Historical past and human biology plead for warmth as a substitute of chilly – so extra watts?

History and human biology argue for heat, not cold

By Vijay Jayaraj

Those misled into believing that a warming planet is dangerous should brace themselves for a myth to be shattered: data from hundreds of scientific journals on major publishing platforms and policy reports from major governments say that cold is responsible for more deaths worldwide than hot weather.

Despite this, decades of global warming propaganda and hysteria make many people find it difficult to believe this fact. Therefore, we should be thankful that our world is warming.

The human body is made for warm weather

Humans evolved in warm environments. The body is better equipped to deal with heat than cold because it can regulate temperature through sweating and other mechanisms. However, in cold weather, our bodies have to work harder to maintain a normal temperature, which can lead to a variety of health problems.

Anecdotes of heart attacks caused by snow shoveling are common in northern climes. When exposed to cold temperatures, the body’s blood vessels constrict to conserve heat, which can increase blood pressure and put strain on the heart.

The relative dryness of cold air irritates the airways, causing inflammation and making it difficult to breathe, especially in people with pre-existing respiratory conditions such as asthma or chronic obstructive pulmonary disease (COPD).

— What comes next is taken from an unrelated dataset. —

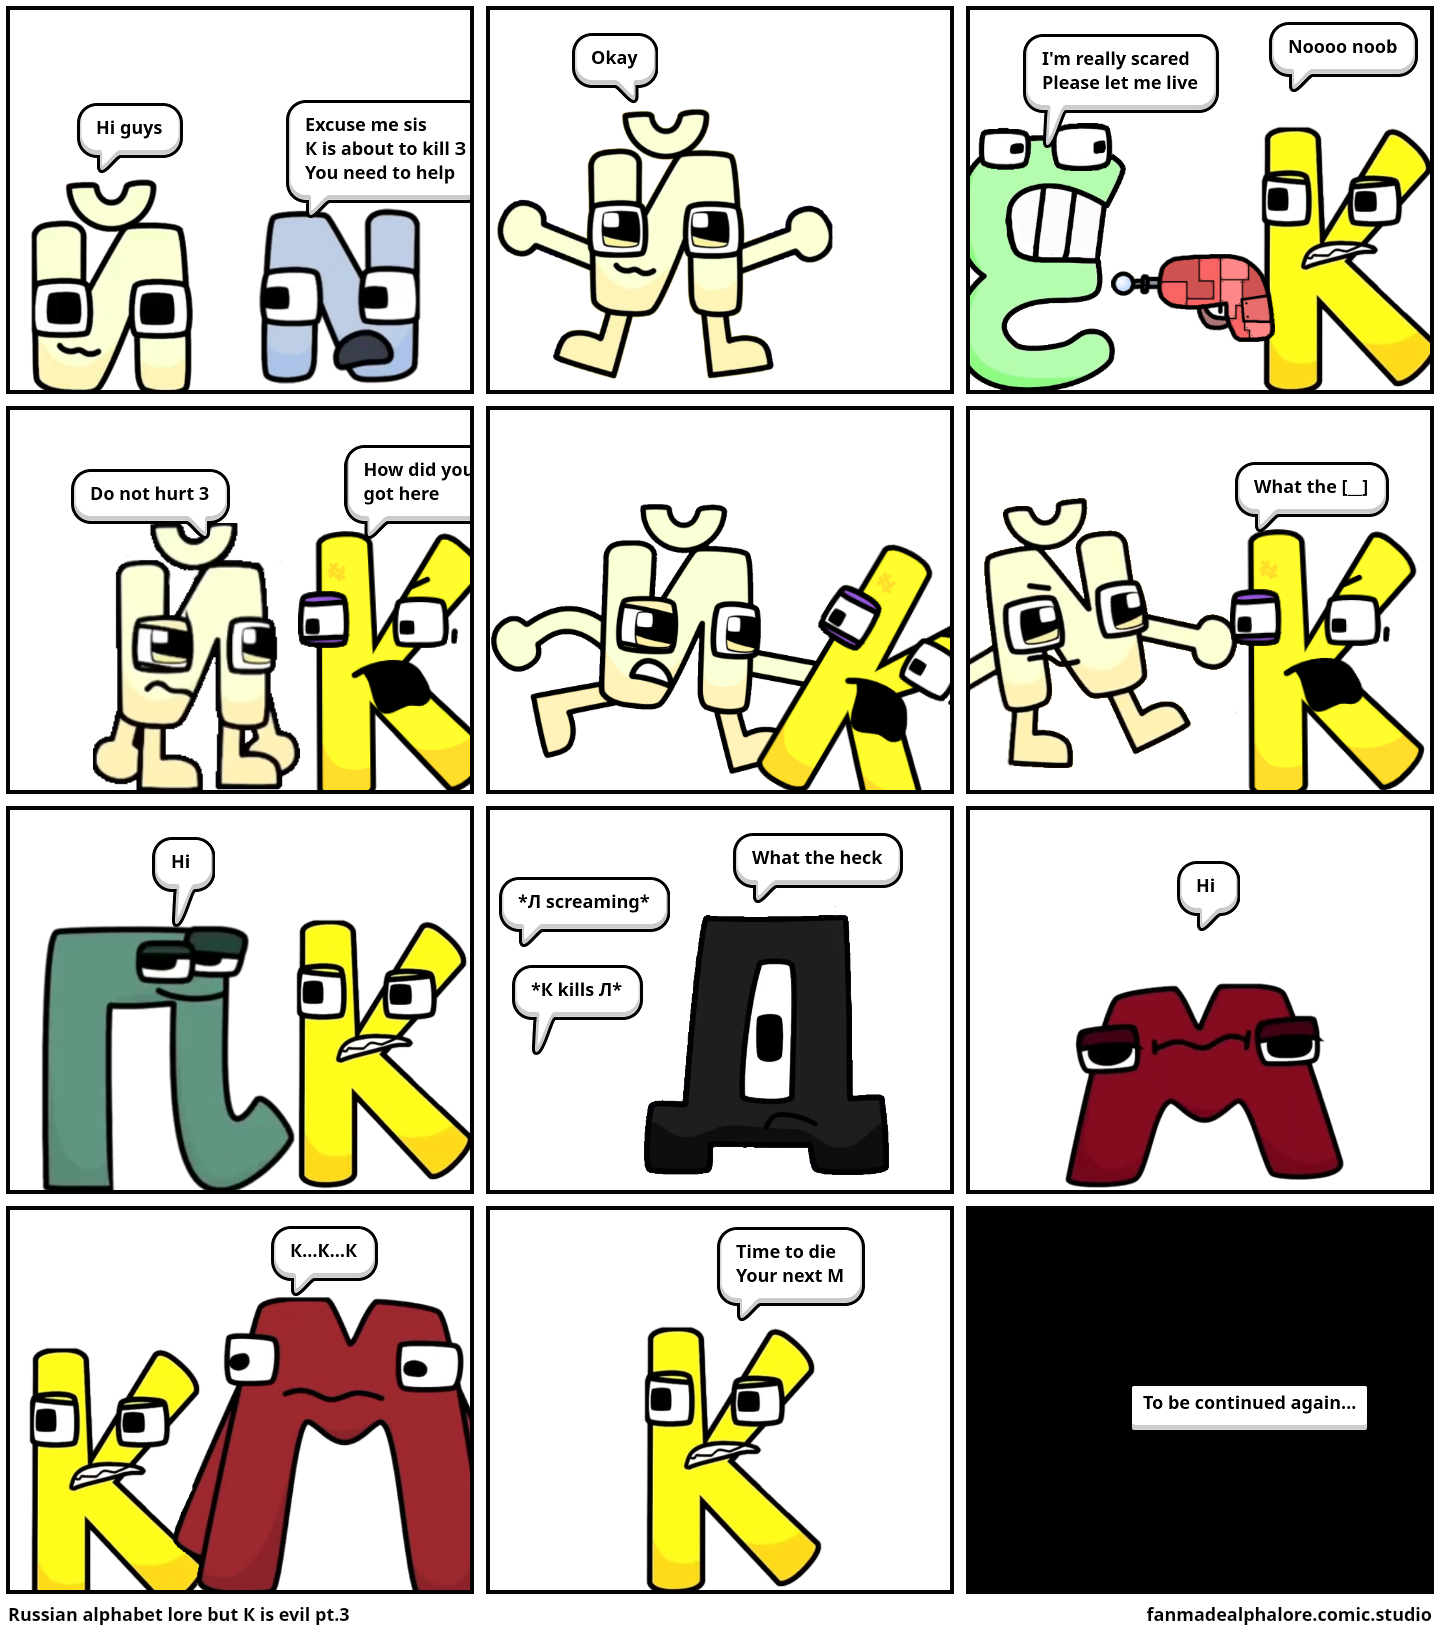 Russian alphabet lore but К is evil pt.3 - Comic Studio

So it’s no wonder that civilizations thrived when temperatures were warmer, especially when home heating was primitive or non-existent.

Lessons from Nordic agriculture in Greenland

Some of the earliest civilizations – such as those in Mesopotamia, Egypt, and the Indus Valley – developed in warm, arid regions with fertile soil and abundant water resources. They were able to support large populations that developed sophisticated technologies such as B. Irrigation systems that enabled agriculture in dry areas.

Warmer temperatures are associated with higher crop yields, especially for crops like wheat, rice, and corn. Greater warmth lengthens the growing season and improves the rate of photosynthesis.

In contrast, colder regions such as northern Europe and Asia have historically been less hospitable to human populations. In these regions, food production was more difficult and the risk of famine and disease was higher. Life in colder regions was only favorable when there were centuries of warming phases.

An example of this is the Vikings, who developed a thriving civilization in Scandinavia and grew food in Greenland during the Medieval Warm Period. Charred grains and debris from grain threshing proved that barley was grown in Greenland by medieval Norse farmers.

As summer and winter temperatures dropped with the waning of medieval warmth, the Vikings abandoned farming and turned to seafood. “Greenland’s climate worsened during Nordic colonization,” says Eli Kintisch in Science magazine. “In response, the Norse turned from their struggling farms to the sea for food before eventually abandoning their settlements.”

Kintisch continues: “It has been a sustainable lifestyle for hundreds of years. But in the 13th century, economy and climate began to conspire against the Norse. After 1250, a cooling climate posed multiple threats to a sea-oriented society.”

Even in temperate parts of Europe, the Little Ice Age was horrific in the 16th century. “All things that grew above the earth died and starved,” reported the National Post.

“The cold was so extreme and the frost so severe and bitter that nothing in living memory has looked like it,” recalls diarist Pierre de l’Estoile.

Then, a warming that began in the 17th century and continues today restored richer harvests and a degree of food security that left time and energy for innovation and the start of the Industrial Revolution. Since then, the human population has increased tenfold.

So the idea that warming is killing the planet is wrong. In fact, directing public policy toward reducing global temperature is dangerous.

This comment was first published by BizPac Review on April 6, 2023 and can be accessed here.

Vijay Jayaraj is a Research Associate at the CO2 Coalition, Arlington, Virginia. He holds a Masters in Environmental Sciences from the University of East Anglia, UK and is based in India.